Want speed? Pass by value.

edanm · on June 18, 2010

Seeing this article reminds me of all the reasons I don't use C++ any more.

Instead of focusing on the important problems, like code structure, design, or God forbid, the design of the actual product, most of my life as a C++ programmer revolved around learning the mechanics of the language. And then learning the exceptions. And then learning the optimizations. And then learning the intricacies of the STL.

And I'm still not an experienced C++ programmer.

ramy_d · on June 18, 2010

Not sure if i understood, but here's my summary from what i got from this:

In fewer words, the argument is this

  std::vector<std::string> get_names();
  std::vector<std::string> const names = get_names();

Passing by value causes a lot of under-the-hood moving and copying which is slow. but we will learn later why this is actually correct.

  get_names(std::vector<std::string>& out_param );
  std::vector<std::string> names;
  get_names( names );

Passing by reference causes the need for many extra lines of code to be written throughout the code base, no more constants, mutating variables, other crap no one ever told you about when learning about pointers.

The solution to both of these is to use "RValue expressions". RValues are expressions that create anonymous temporary objects.

When defining variables, using RValues allows transferring ownership of, in this case a dynamically allocated string array (vector), from the source vector to the target vector.

When using functions, returns are also anonymous temporary objects, so we transfer the resources from the return value to the target value in the same way as with variables.

Oh wait, the compiler actually takes care of optimizing stuff for you, it's called Return Value Optimization (RVO) and it works like this:

  std::vector<std::string> names = get_names();

Oh shit, isn't this what we wrote as a first example that's expensive slow? yeah well, apparently there's nothing to worry about. use this.

Do pass a function within a function, because then you're passing rvalues as parameters which is unicorn-level magic

  std::vector<std::string> sorted_names2 = sorted( get_names() );

RVO optimizations aren't required by any standard, but "recent versions of every compiler I’ve tested do perform these optimizations today."

Don't pass a variable by reference and then make an explicit copy of its values - that defeats the whole purpose of what we are trying to talk to you about

Guideline: Don’t copy your function arguments. Instead, pass them by value and let the compiler do the copying.
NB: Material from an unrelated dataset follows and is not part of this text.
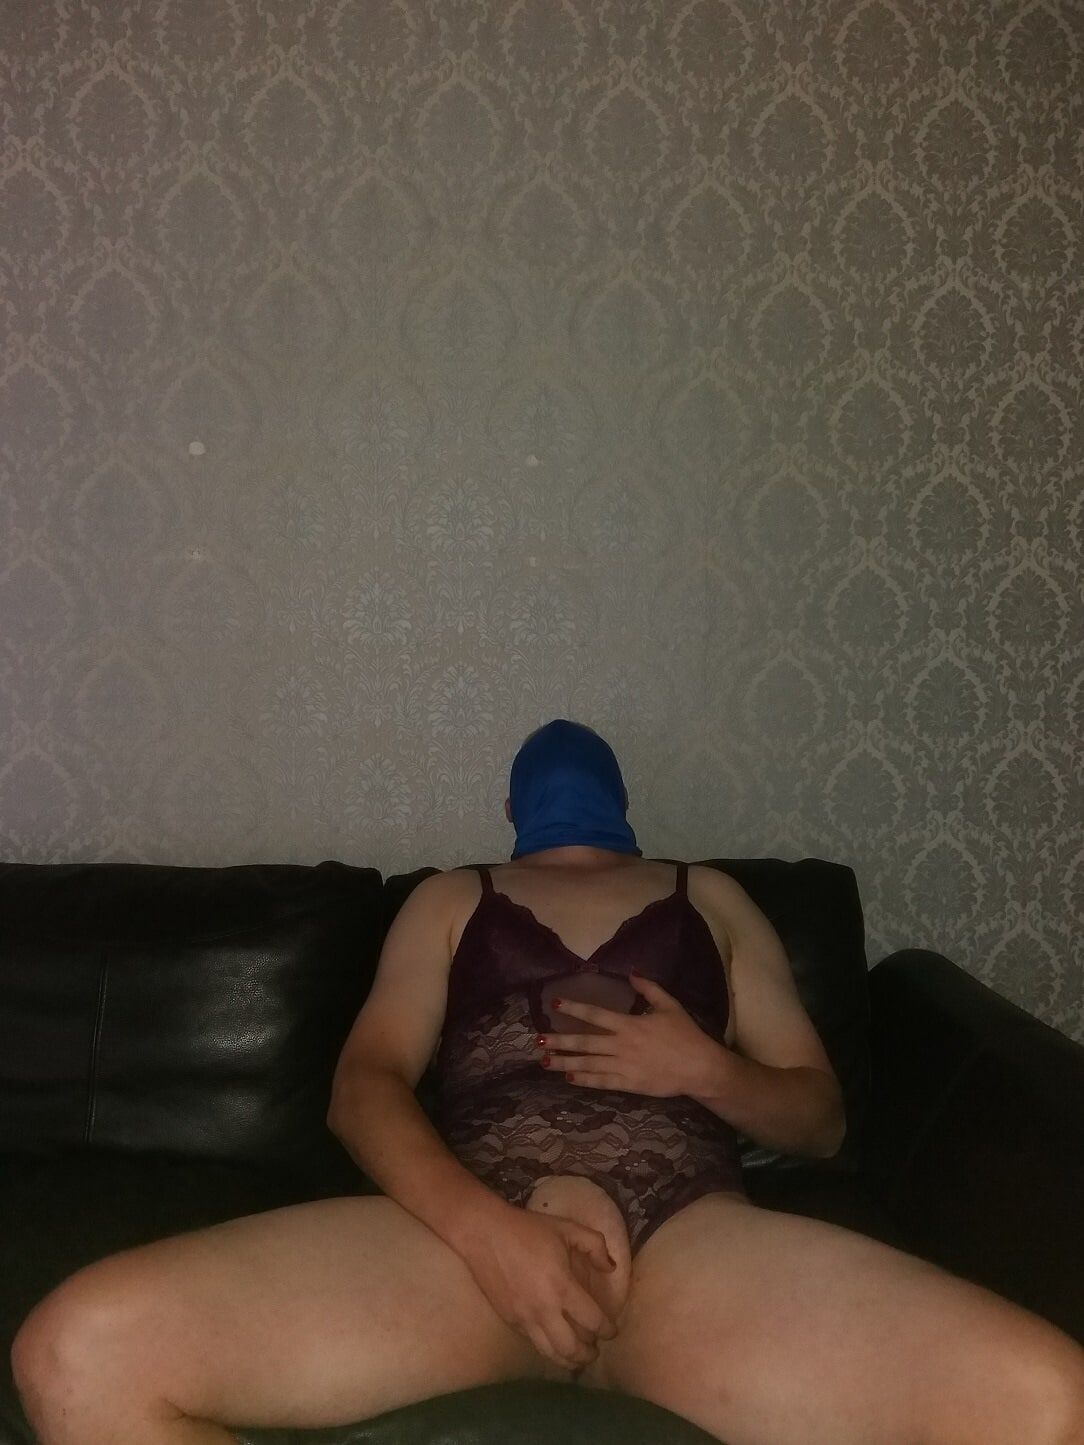 Submissive fuck bitch for male group #15

Lesson: don't explicitly copy variable references, just get their values and the compiler will copy optimize for you

jheriko · on June 18, 2010

This is very wrong for so many reasons and misses probably the most important reasons to pass by copy...
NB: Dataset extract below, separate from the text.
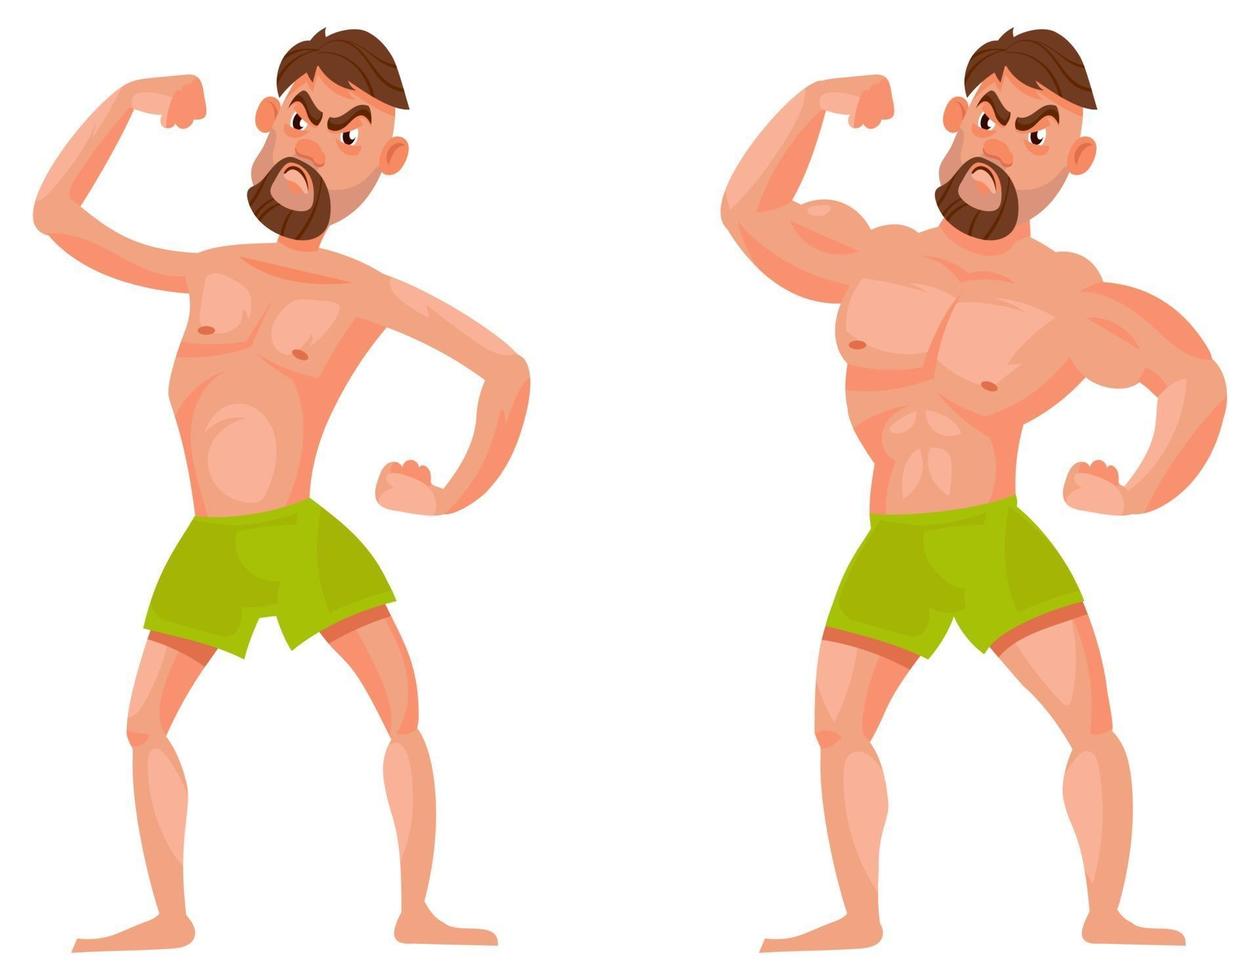 Man before and after going to gym. vector

The example of the sorted functions is striking - because the compiler should be able to produce the same quality of code from both cases - the fact that it doesn't suggests that the compiler is not that smart. The r-value, l-value distinction is, in this case, unimportant - because of const the l-value can not be modified, as long as you don't use const_cast or forget a volatile keyword etc. elsewhere the compiler can safely assume that it really will remain const. I'll have to play with this myself I guess cos I might be missing something here that looking at bytes would reveal... but it seems that your example should fail to show any difference on a good compiler.
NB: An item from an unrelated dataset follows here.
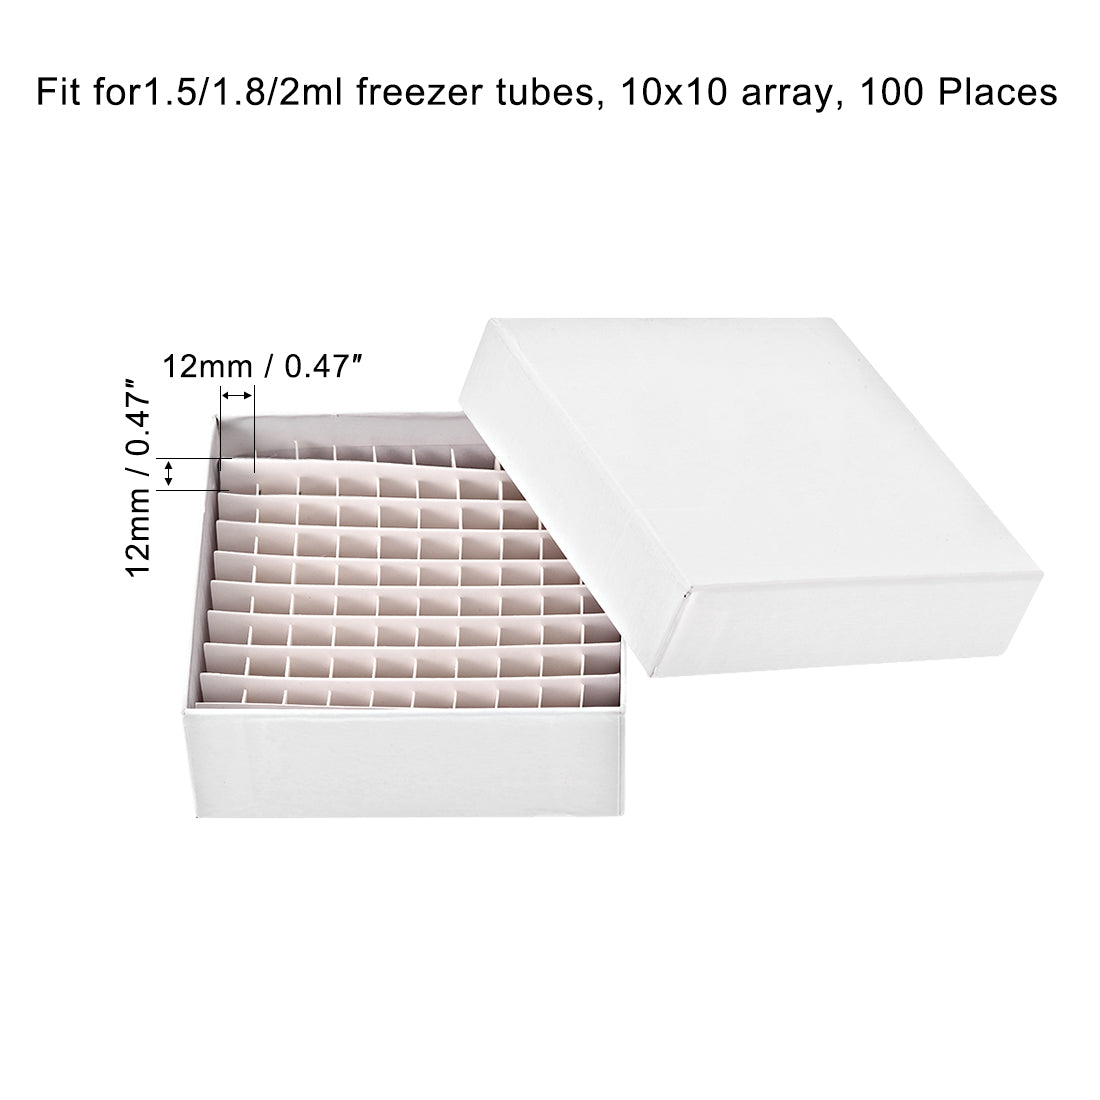 uxcell Uxcell Freezer Tube Box 100 Places Cardboard Holder Rack for 1.5/1.8/2ml Microcentrifuge Tubes 2Pcs

Worse though is that the const-reference and explicit copy is done at all - what possible reason could there be? This is where you should use pass by copy /anyway/, before your argument about speed, because you quite explicitly need to work with a copy. If you chose a suitable example you would see the opposite... unless your compiler is smart enough to treat your redundant copy as if it was a const-reference, which, e.g. the MS C++ compiler does infact do.

The important point I think that was missed though is to always pass small things by value - throwing heap pointers around to be dereferenced is typically much more expensive than using the stack - your compiler might optimise it away for you, but especially if you aren't using const references/pointers it can be difficult. Imagine your compiler is not smart - passing a 4/8-byte value as a reference to a 4/8-byte value is just silly. This is probably the most common case - ints, floats, doubles and even small structs will go on the stack, or better.

grogers · on June 18, 2010

Yes, but in an article on copy elision, it doesn't really make sense to talk about small objects because it really doesn't matter if they are copied or not. Pass them by value anyways.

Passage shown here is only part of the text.